2026-03-14 14:45:46 +01:00 · 2025-08-05 07:43:02 +03:00 · 2025-08-05 07:43:02 +03:00 · d27b5a13d1
commit d27b5a13d1
parent ce0cc5bd81
2 changed files with 43 additions and 3 deletions
--- a/buzz/transcriber/whisper_cpp.py
+++ b/buzz/transcriber/whisper_cpp.py
@ -28,6 +28,10 @@ try:
    # On Windows whisper-server.exe subprocess will be used
    if (platform.system() == "Linux") and ((major > 1) or (major == 1 and minor >= 2)):
        from buzz.whisper_cpp_vulkan import whisper_cpp_vulkan
+        from buzz.whisper_cpp_vulkan.whisper_cpp_vulkan import (
+            struct_whisper_context_params as struct_whisper_context_params_vulkan,
+            struct_whisper_aheads as struct_whisper_aheads_vulkan
+        )

        IS_VULKAN_SUPPORTED = True
        LOADED_WHISPER_CPP_BINARY = True
@ -40,6 +44,10 @@ except (ImportError, Exception) as e:
 if not IS_VULKAN_SUPPORTED:
    try:
        from buzz.whisper_cpp import whisper_cpp  # noqa: F401
+        from buzz.whisper_cpp.whisper_cpp import (
+            struct_whisper_context_params as struct_whisper_context_params_cpp,
+            struct_whisper_aheads as struct_whisper_aheads_cpp
+        )

        LOADED_WHISPER_CPP_BINARY = True

@ -214,7 +222,23 @@ class WhisperCppCpu(WhisperCppInterface):
        return whisper_cpp.whisper_new_segment_callback(callback)
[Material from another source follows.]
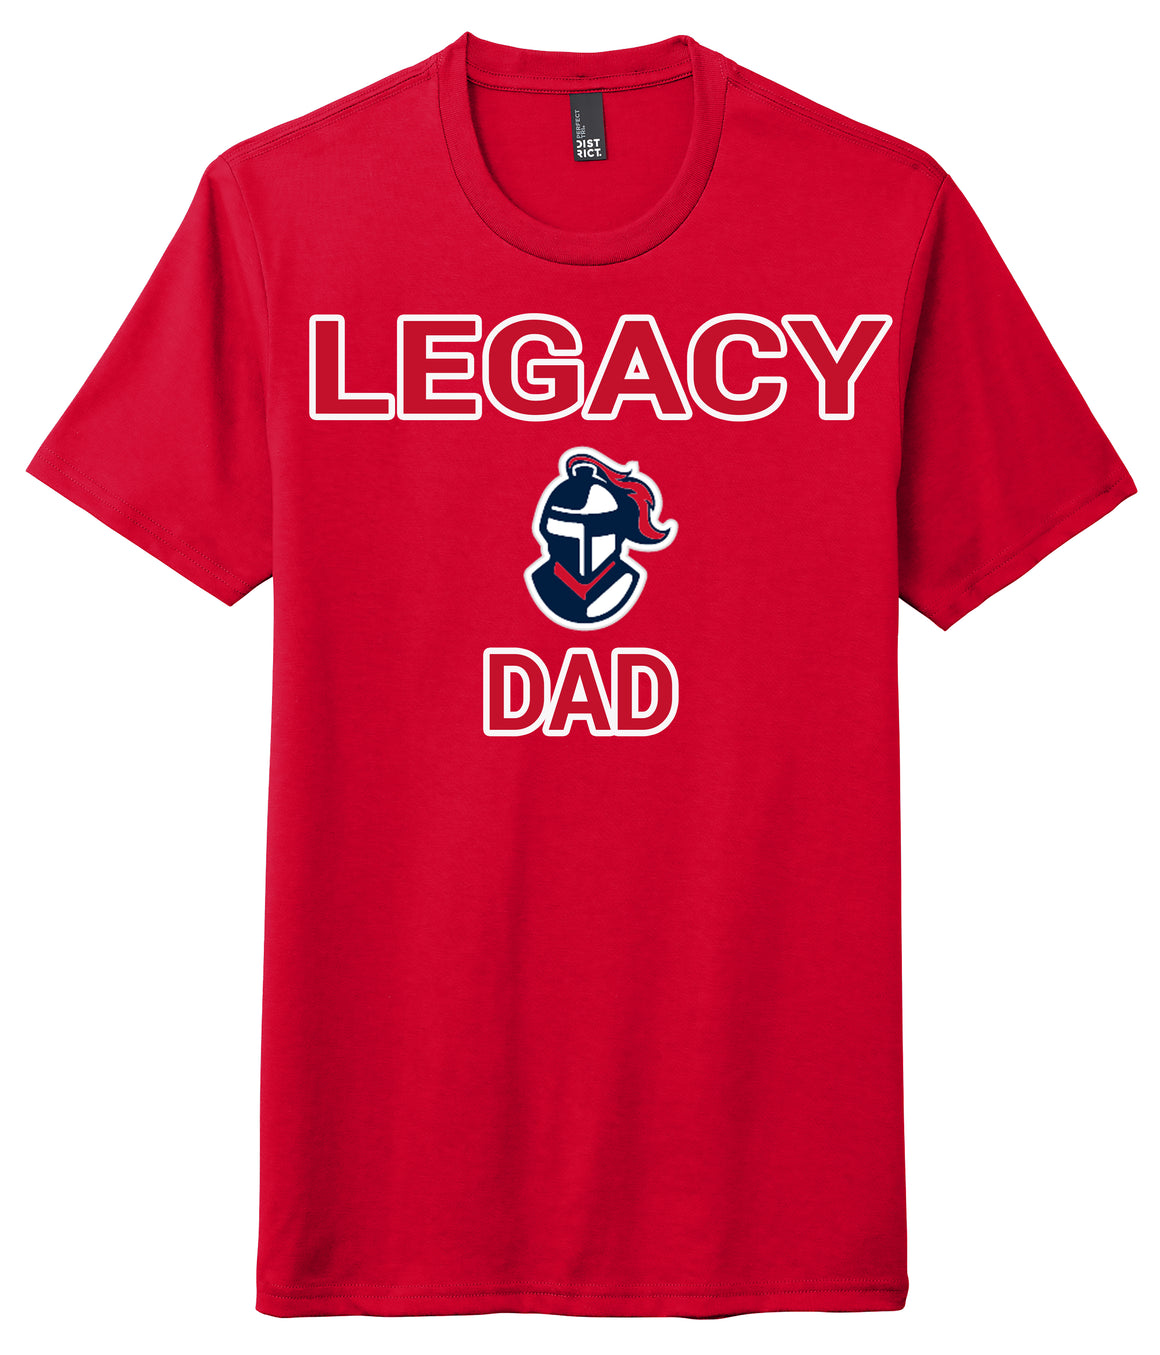 Legacy Traditional School Cadence - Dad Shirt
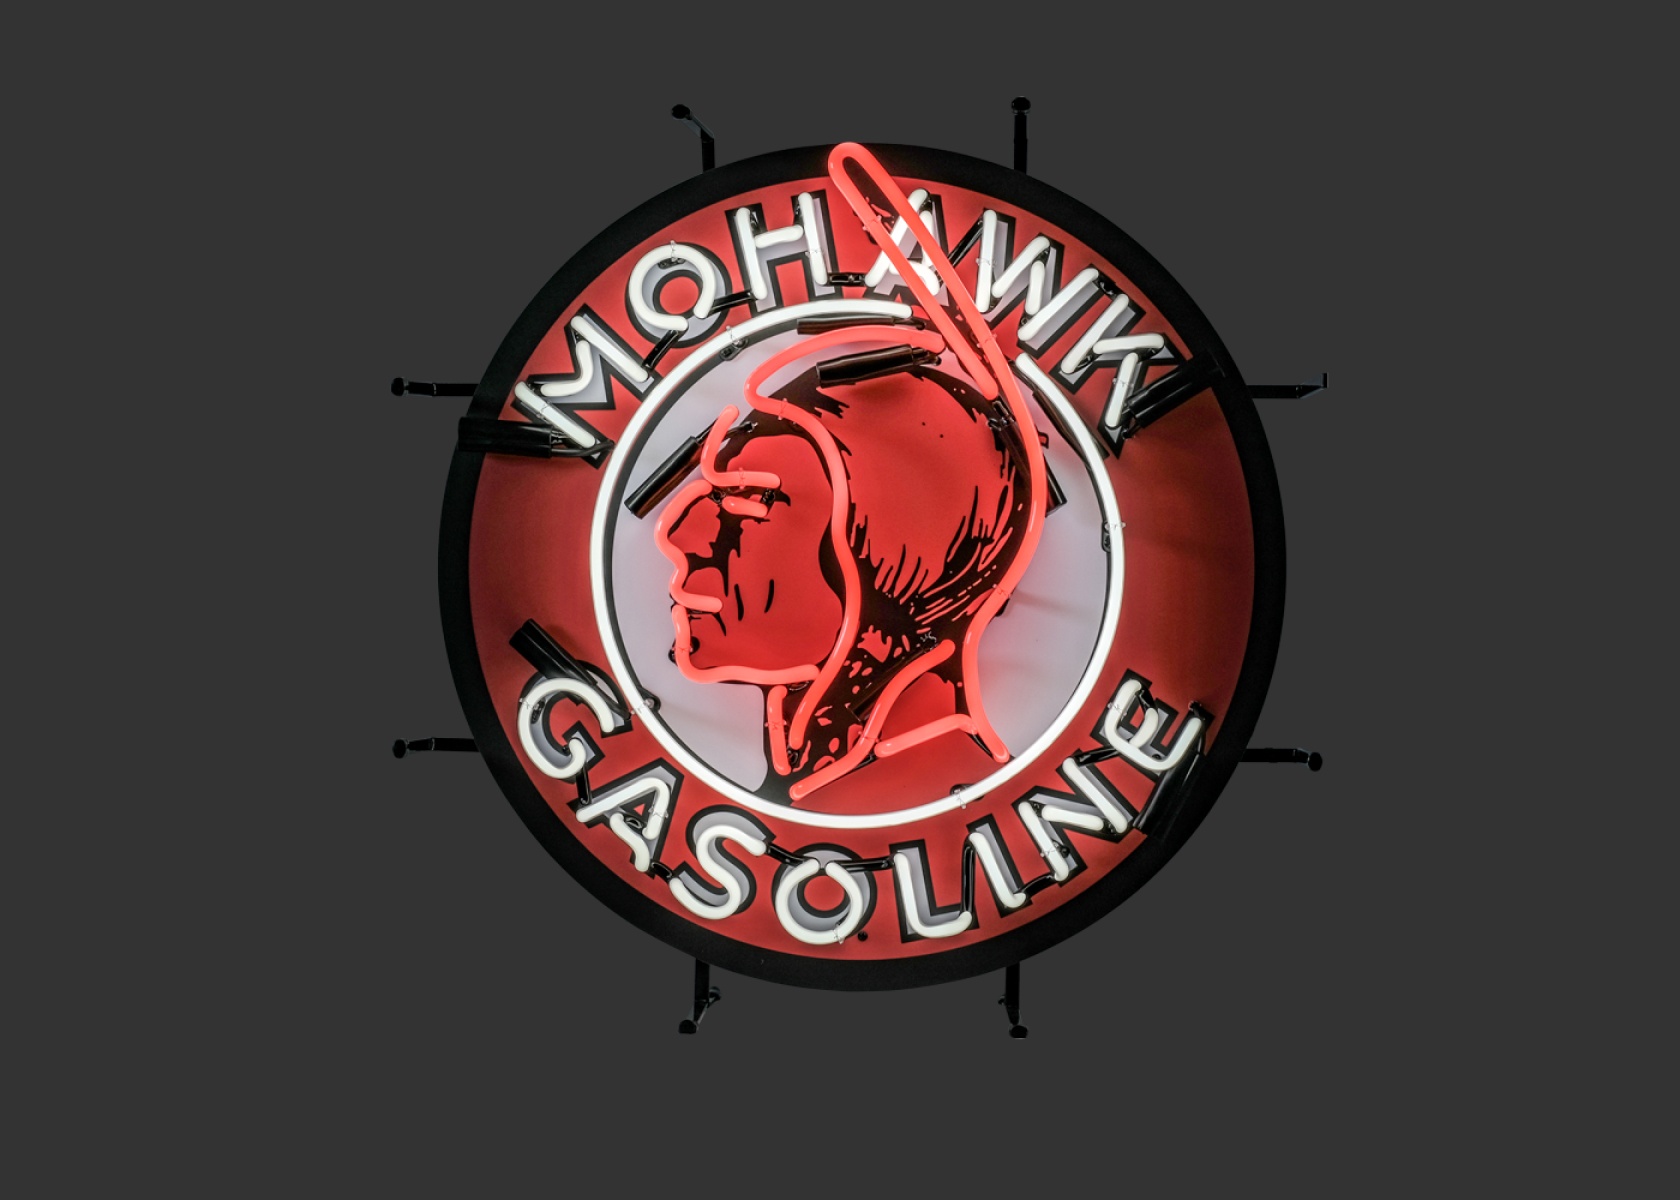 Mohawk Gasoline - 60 CM neon sign

    def init_from_file(self, model: str):
-        return whisper_cpp.whisper_init_from_file(model.encode())
+        force_cpu = os.getenv("BUZZ_FORCE_CPU", "false")
+
+        aheads = struct_whisper_aheads_cpp()
+        aheads.n_heads = 0
+        aheads.heads = None
+        params = struct_whisper_context_params_cpp(
+            use_gpu=force_cpu == "false",
+            flash_attn=False,
+            gpu_device=0,
+            dtw_token_timestamps=False,
+            dtw_aheads_preset=0,
+            dtw_n_top=0,
+            dtw_aheads=aheads,
+            dtw_mem_size=0
+        )
+
+        return whisper_cpp.whisper_init_from_file_with_params(model.encode(), params)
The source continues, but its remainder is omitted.